TASK ITEM =>
Look below for the line with "jinqiao-shanghai-skyline" and the line with "Desechos de alimentos, cabezas"; repeat exactly those two lines and all lines between them, but no pictures.

RECORDED DATA =>
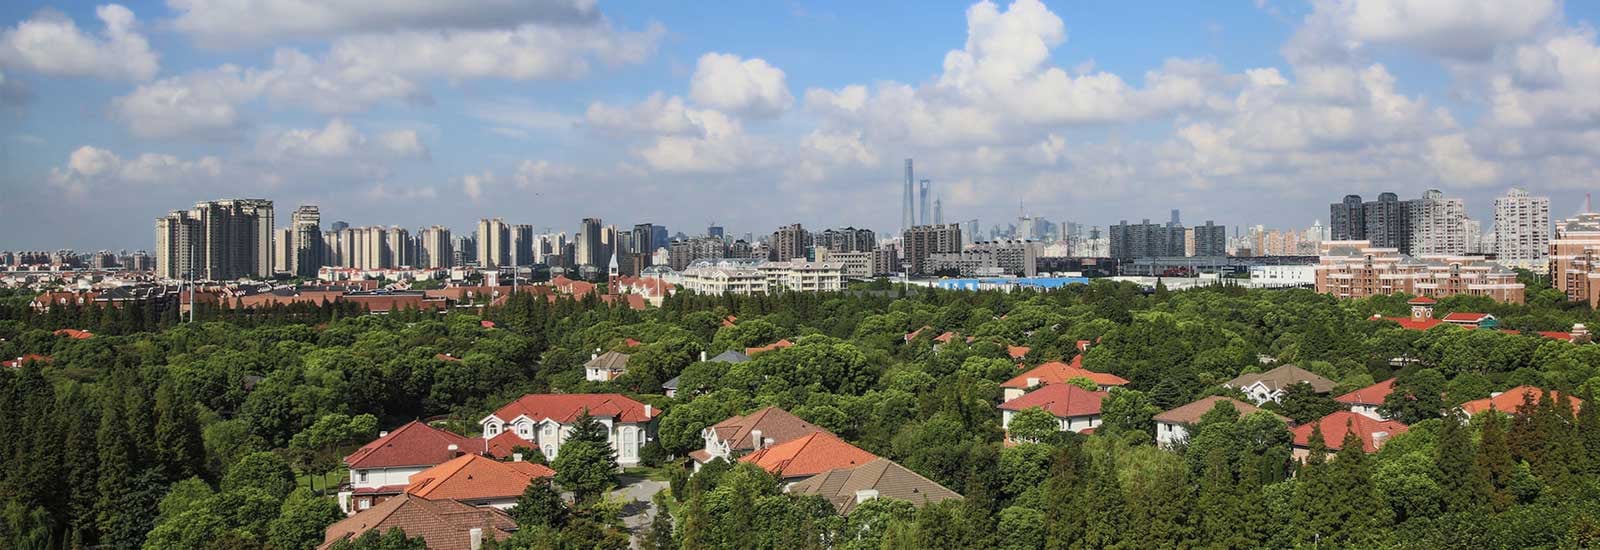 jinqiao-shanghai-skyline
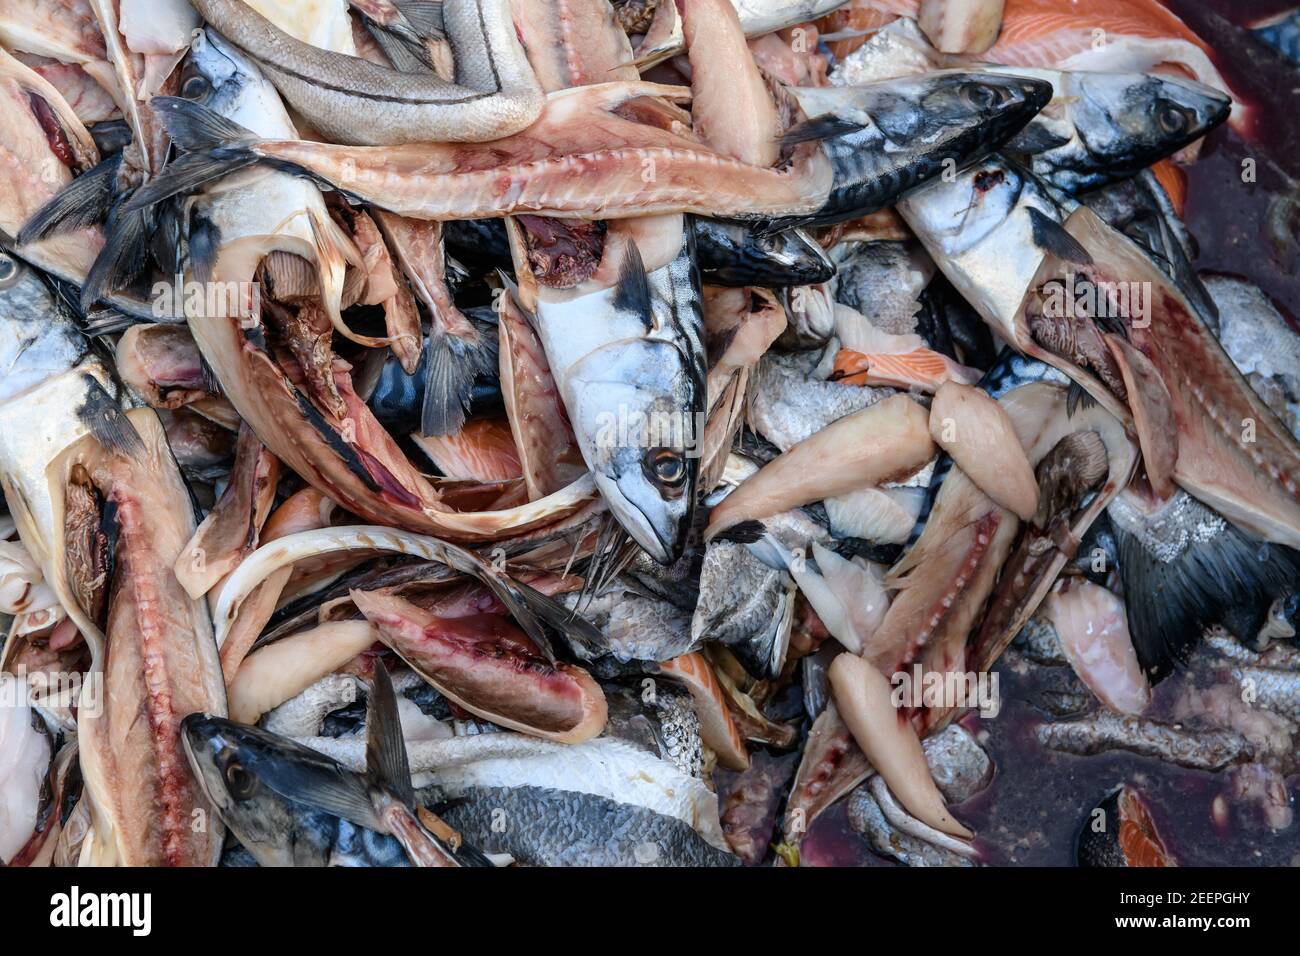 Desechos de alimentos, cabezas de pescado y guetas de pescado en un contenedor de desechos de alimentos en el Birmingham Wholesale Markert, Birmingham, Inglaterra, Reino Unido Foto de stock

---

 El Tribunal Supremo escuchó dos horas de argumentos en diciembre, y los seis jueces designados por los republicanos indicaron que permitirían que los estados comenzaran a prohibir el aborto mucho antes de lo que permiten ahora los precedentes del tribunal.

OUTPUT OF THE TASK =>
 jinqiao-shanghai-skyline
 Desechos de alimentos, cabezas de pescado y guetas de pescado en un contenedor de desechos de alimentos en el Birmingham Wholesale Markert, Birmingham, Inglaterra, Reino Unido Foto de stock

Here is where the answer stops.